→ **About this exercise**: Starting with the line that has "Shiny Metallic 1.5inch" in the records below and stopping after the line that has "Chemical society. Journal", output every line exactly and nothing else; skip pictures.

++++ Supplied material ++++

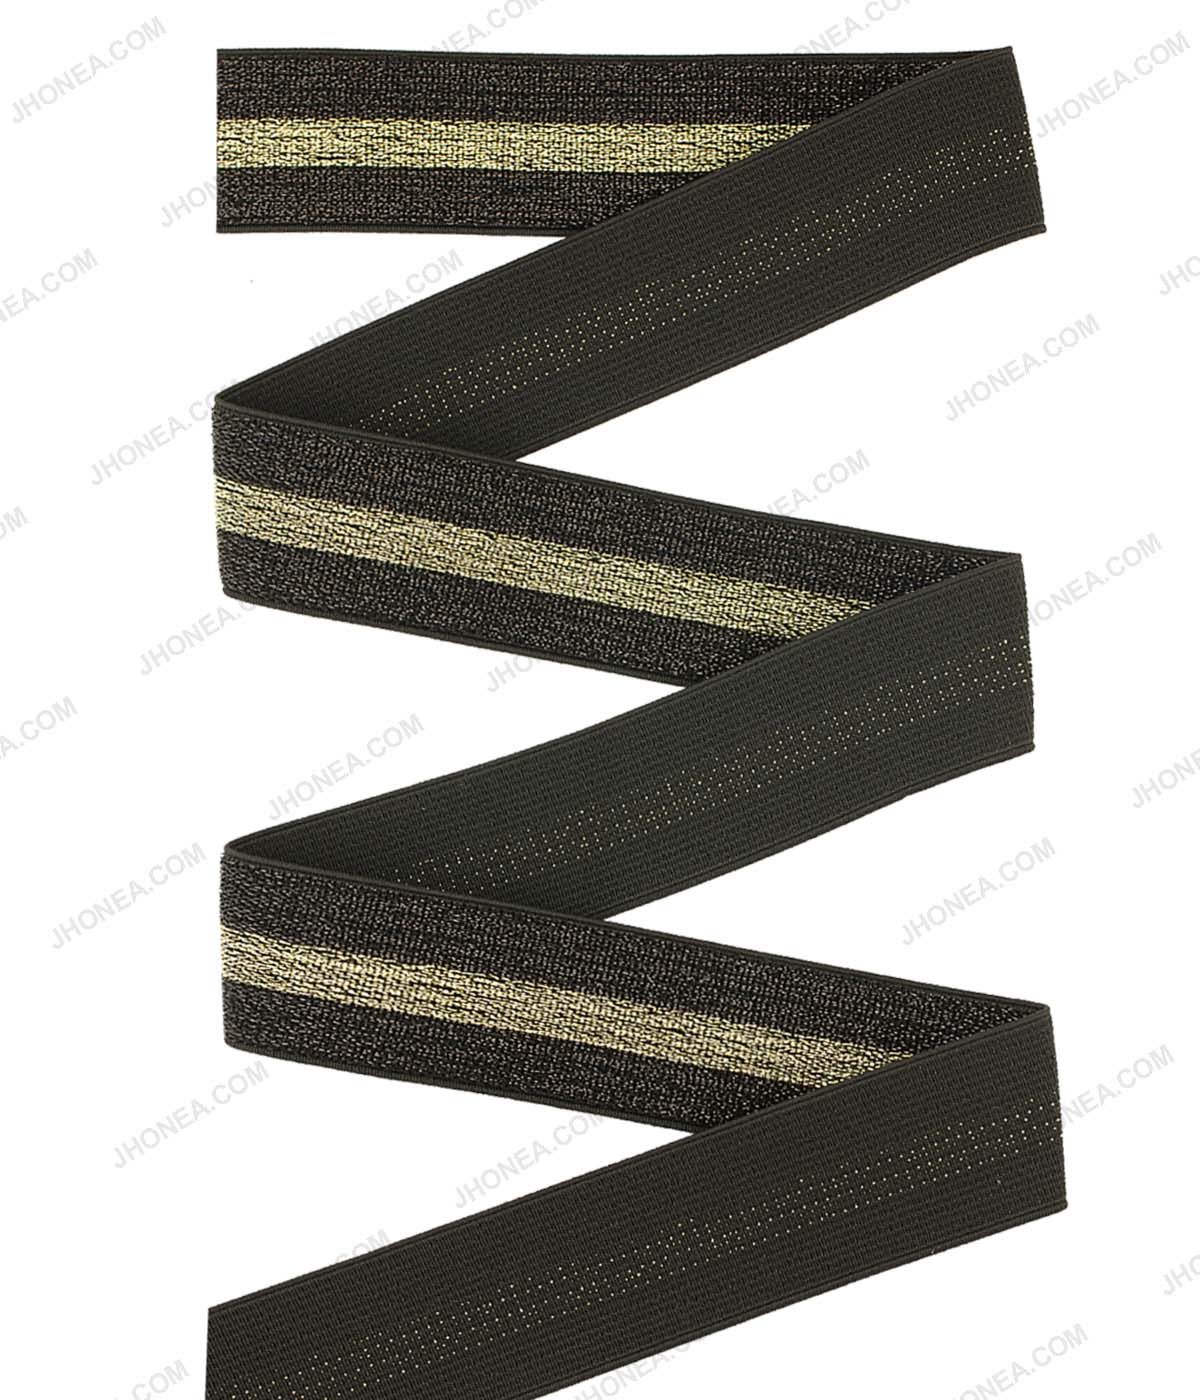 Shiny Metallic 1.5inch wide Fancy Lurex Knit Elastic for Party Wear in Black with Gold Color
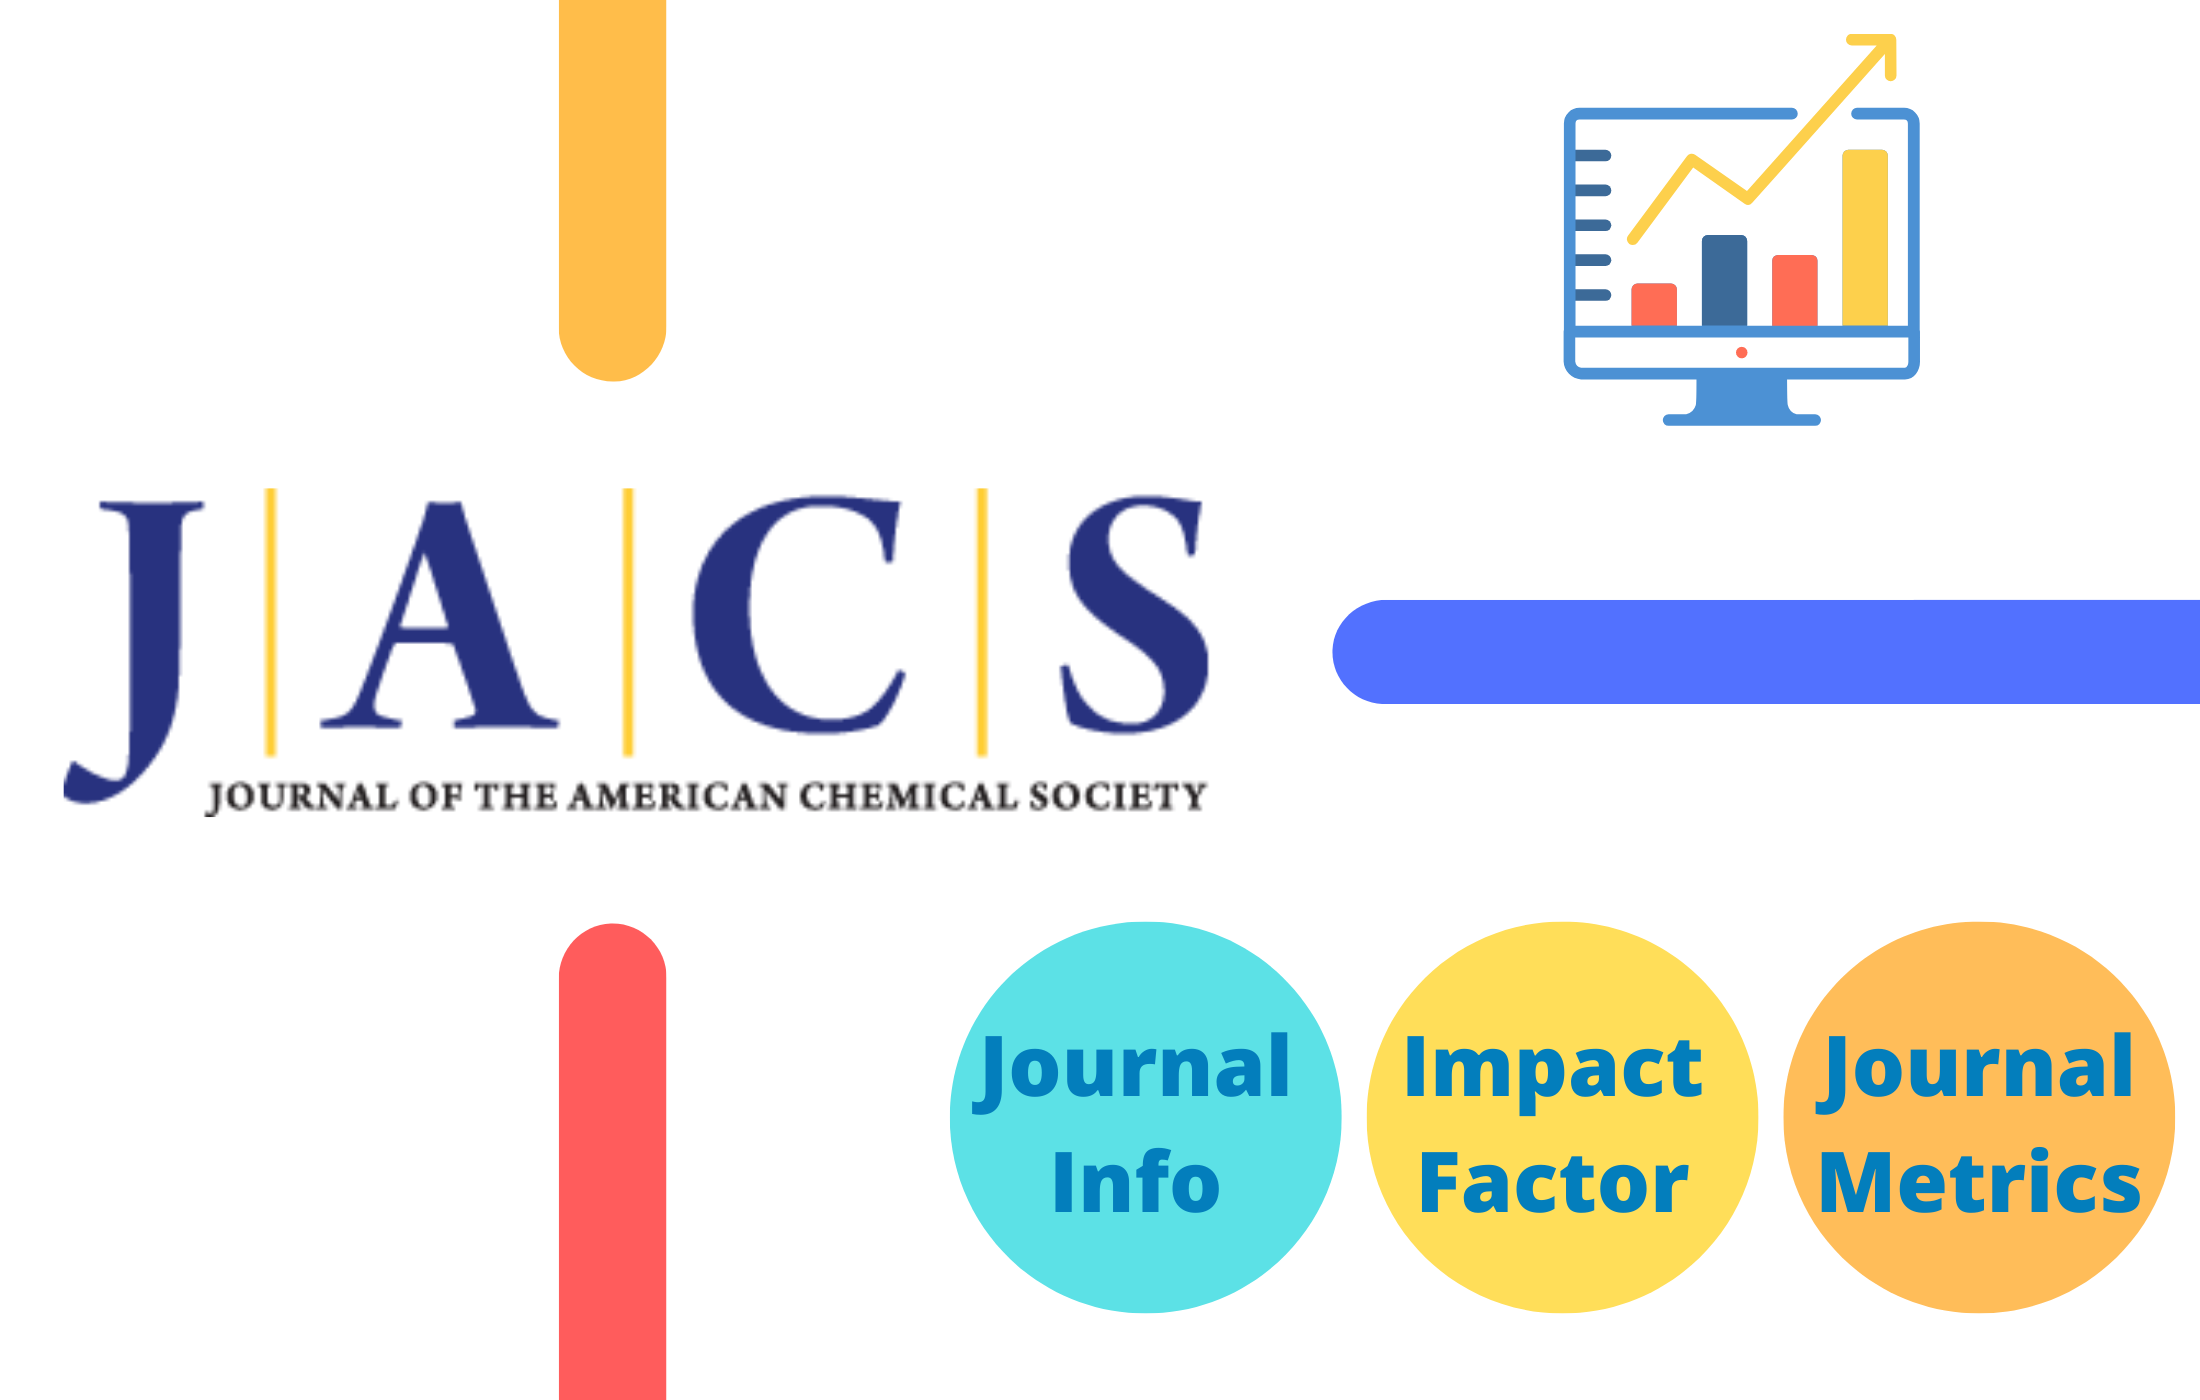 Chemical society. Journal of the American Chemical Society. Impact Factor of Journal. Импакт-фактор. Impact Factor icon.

++++
++++ Supplied material ++++

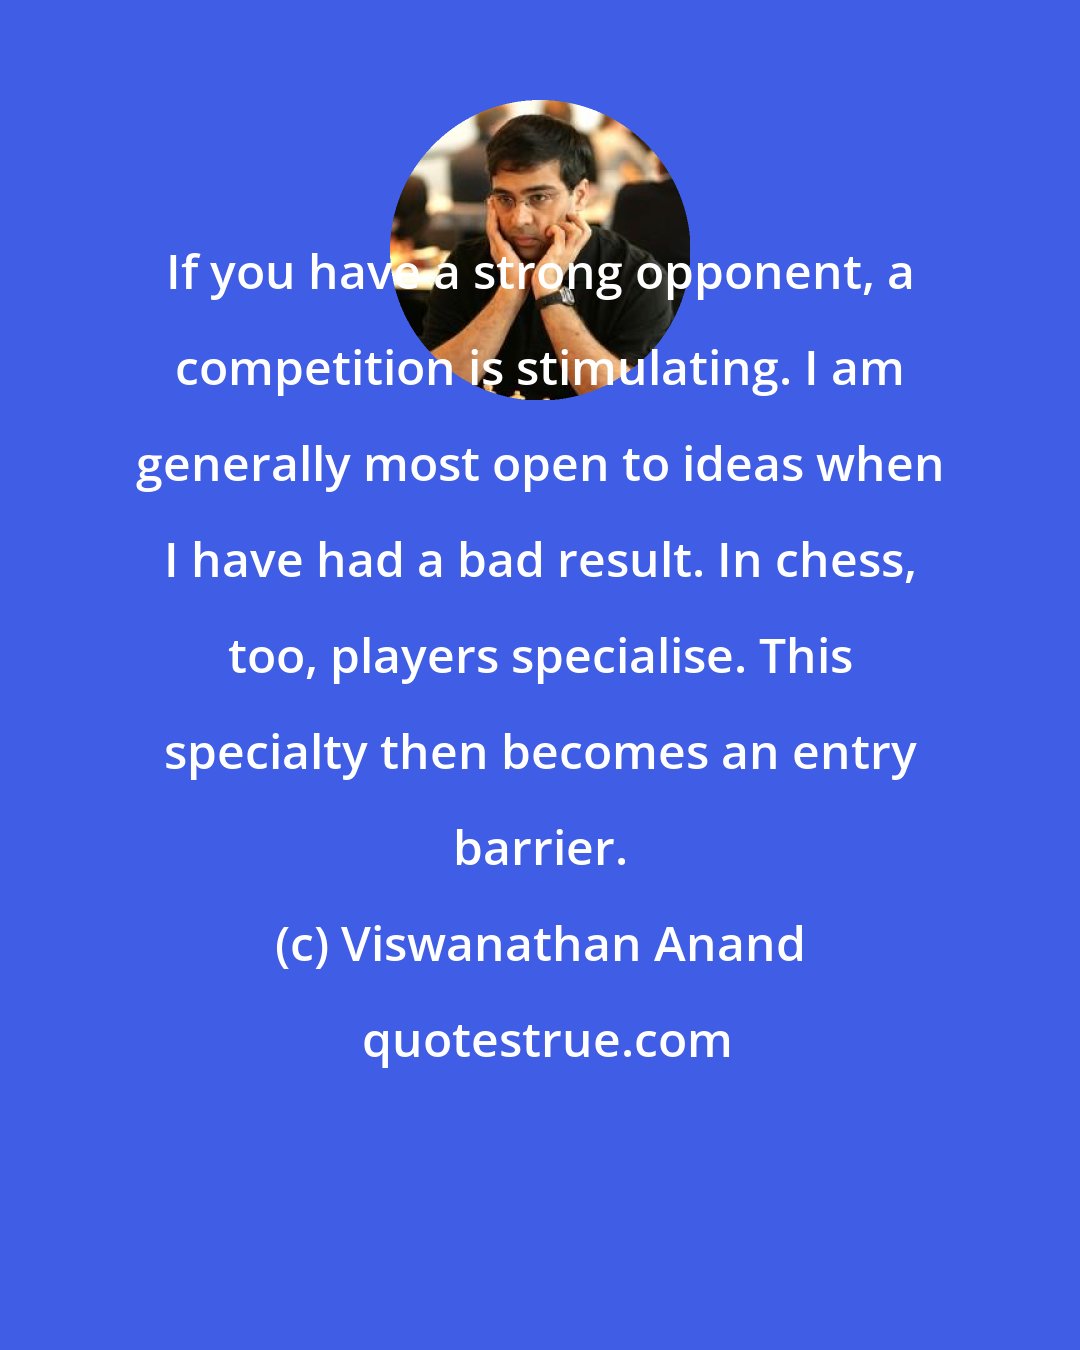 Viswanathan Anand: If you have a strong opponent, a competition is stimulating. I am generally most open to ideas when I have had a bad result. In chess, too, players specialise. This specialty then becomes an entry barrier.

++++
++++ Supplied material ++++

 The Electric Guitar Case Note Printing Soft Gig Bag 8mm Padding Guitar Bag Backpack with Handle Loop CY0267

++++

→ **Output**:
 Shiny Metallic 1.5inch wide Fancy Lurex Knit Elastic for Party Wear in Black with Gold Color
 Chemical society. Journal of the American Chemical Society. Impact Factor of Journal. Импакт-фактор. Impact Factor icon.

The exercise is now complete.